His voice both cleared her way back through the forest, and told her that, at last, someone cared.

‘Actually, I need the toilet.’

‘Well you could go inside.  I’ll wait here.  It’s a bit basic, I’m afraid.’

He knew she would not have the courage, and indeed would see the good sense to not go inside the house.  She'd not been in, and he didn’t want her to.  It was his private space, he was more than a little ashamed of it, and it would look and feel wrong.

‘On the other hand, you could just have a wild wee on the way home.’

He said it with a calmness and a frankness that surprised her.

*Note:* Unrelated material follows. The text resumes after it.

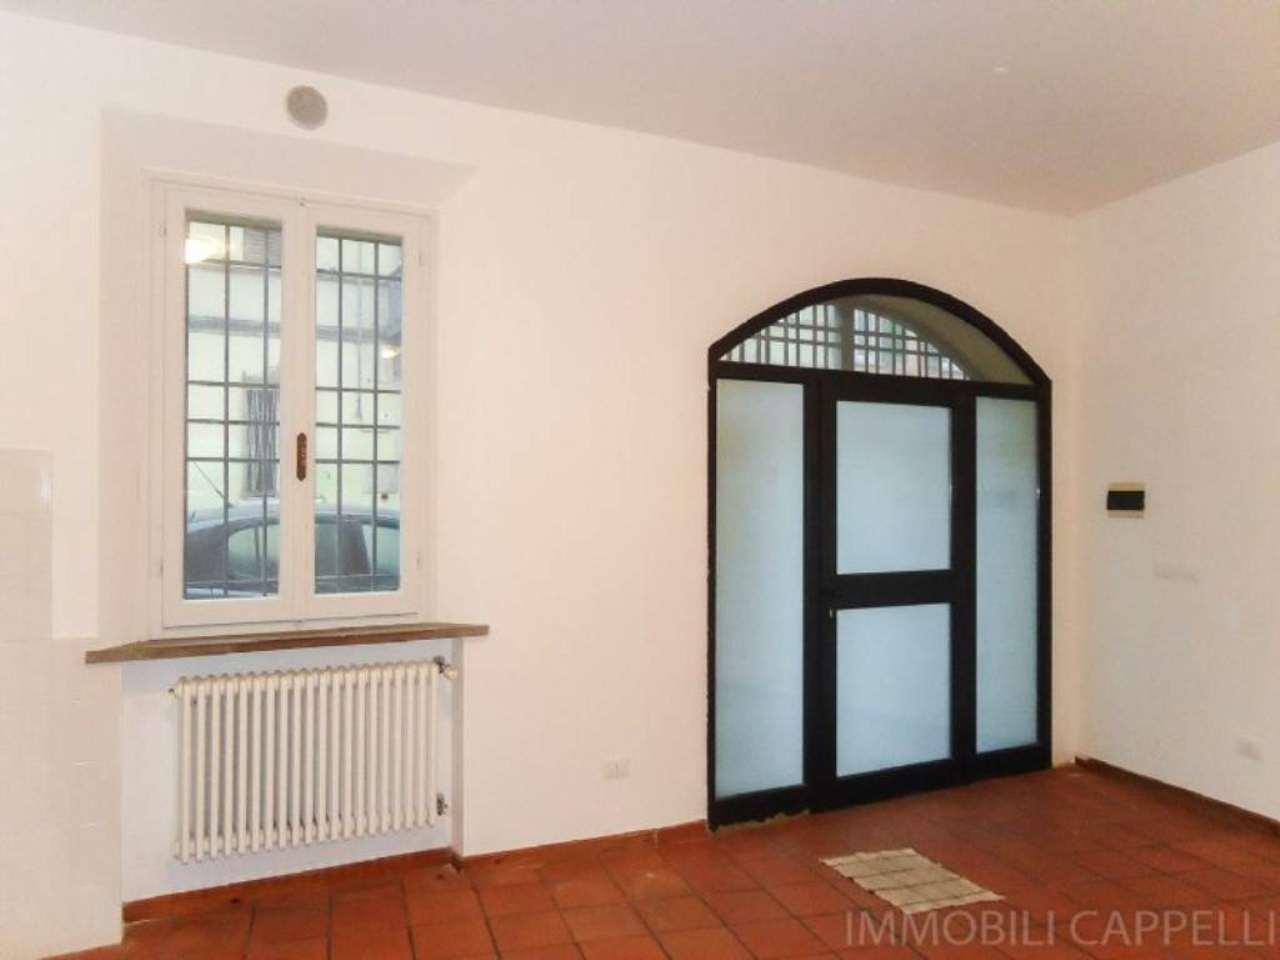 Appartamento in vendita a Cesena, 3 locali, prezzo € 119.000 | CambioCasa.it

‘A wha…what?  Oh never mind.’  She got up to leave.  She'd barely ever been anywhere, and other people’s toilets disgusted her.  But the thought of peeing in the bushes was even more ridiculous and revolting to her.  And probably dangerous.  Who knows what might be out there?  She certainly wasn’t going to hang around to discuss it with him.

It was the early evening, and darkness fell quite quickly at this time of year, but that did not stop her little tap on each fifth tree as she exited.  She even did little decimal calculations, working out that she was 0.2 of the way between the groups of five trees that she'd determined from the way they lined the path.  One fifth of this section.

She even knew how ridiculous it would sound to anyone, but she also realised how important it had become to her.  Even the three little ticks on each trunk.

And on the fourth tree out of five, she dipped into the bushes, well out of sight.

A wild wee!

Her first ever.

She actually skipped a little on the way home, like she used to.